Department's new home: See live video of the construction site for the future Isabel Bader Centre for the Performing Arts. Opening is still scheduled for the fall of 2013.
Vernacular online: The website for Clarke Mackey's book Random Acts of Culture: Reclaiming Art and Community in the 21st Century is now live. It makes available over thirty audio clips, half a dozen slide shows, numerous links, reviews, articles and other things directly related to the book.

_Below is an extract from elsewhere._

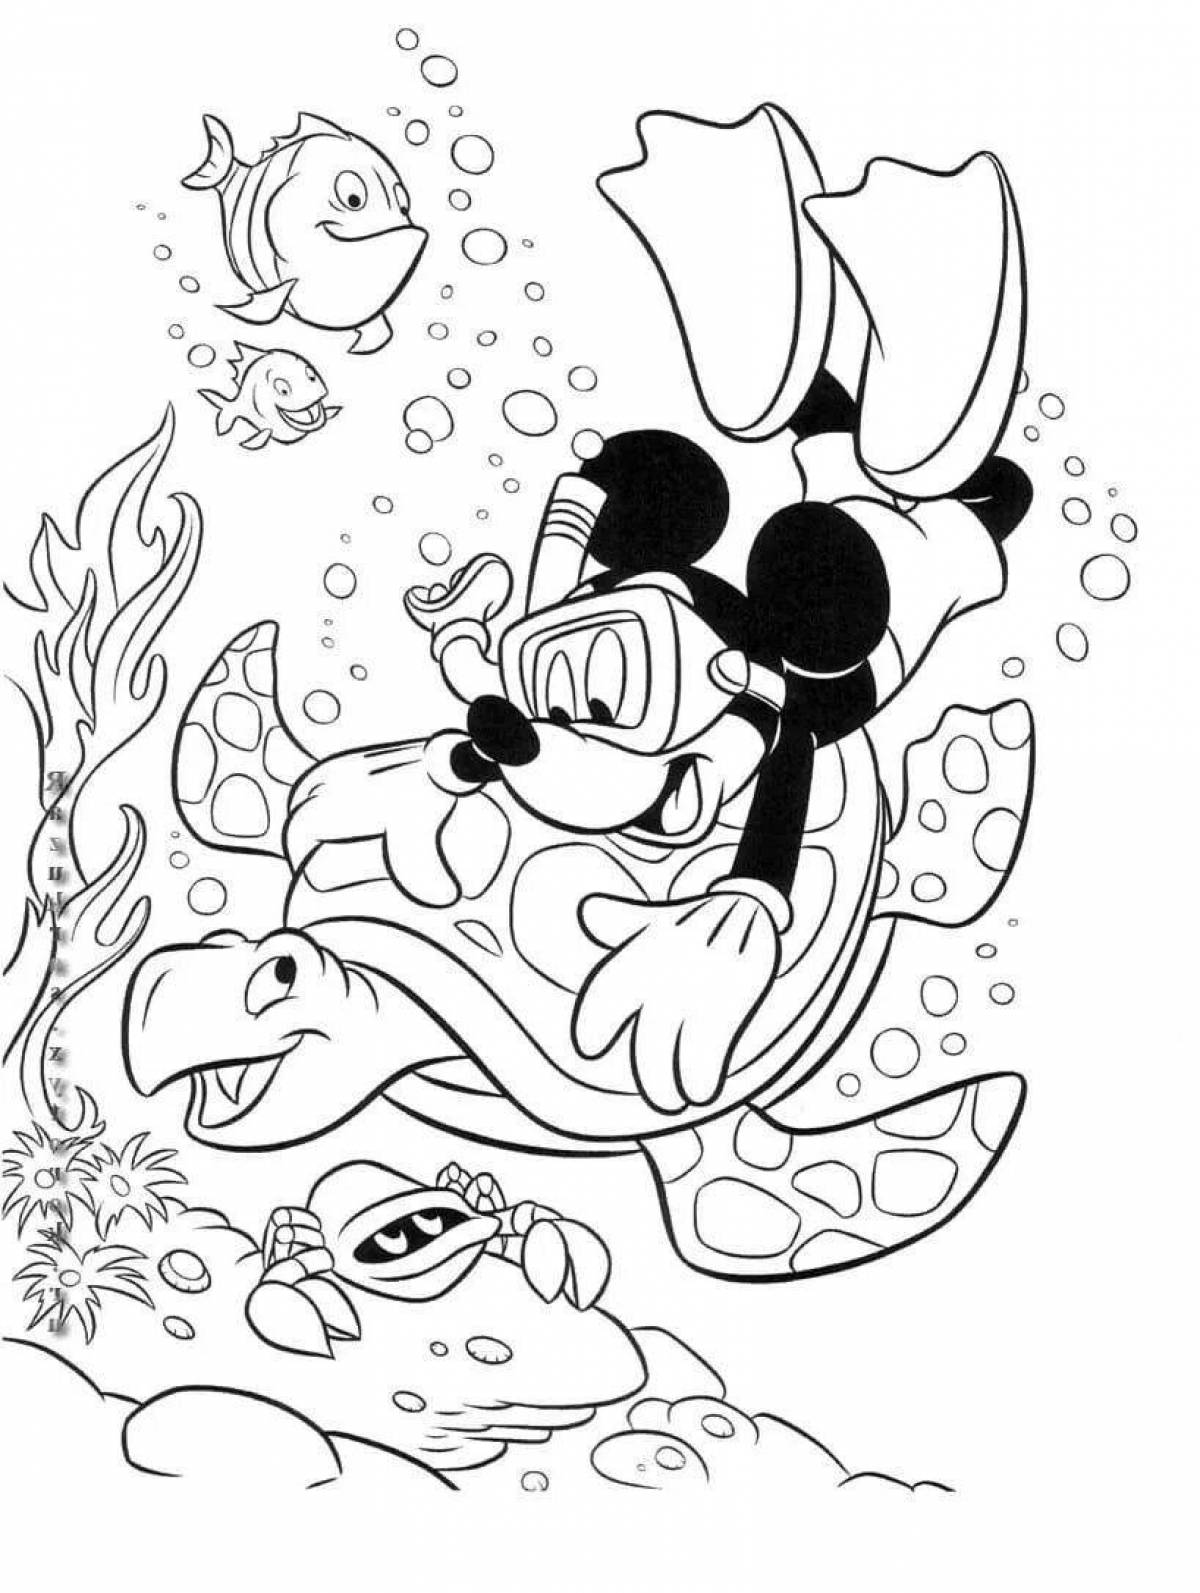 Fun Disney cartoon coloring book

Included are original audio interviews with cultural studies founder Raymond Williams, art educator Dorothy Medhurst, activist folksinger Pete Seeger, Dufferin Grove Park's Jutta Mason, radical thinker Ivan Illich, composer R. Murray Schafer, Welfare State founders John Fox and Sue Gill, anthropologist Stanley Diamond, musicologist Christopher Small and many others. There's also a blog where ongoing discussion about the book and new stories from the world of vernacular culture can be shared.
Peter Morris Memorial Scholarship: Established in memory of Peter Morris, Professor of Film Studies, this is one of several new Film and Media Funds to which we are inviting alumni and friends to donate.
Burke on Italian Cinema: Prof. Frank Burke reports, "I gave a lecture on Ermanno Olmi's Il Posto on August 6 at the TIFF Bell Lightbox, Toronto. The lecture and screening were sold out and generated four interviews including the National Post. Most exciting, I saw lots of former students! In June I signed a contract with Wiley-Blackwell to edit the Blackwell Companion to Italian Cinema. This will be a 600-page compilation of approximately 33 essays covering all major aspects of the subject. I also published a monograph-length essay on Fellini's commercials in the British journal The Italianist. A slightly different version was published in January in Italian in Cabiria: Studi di Cinema."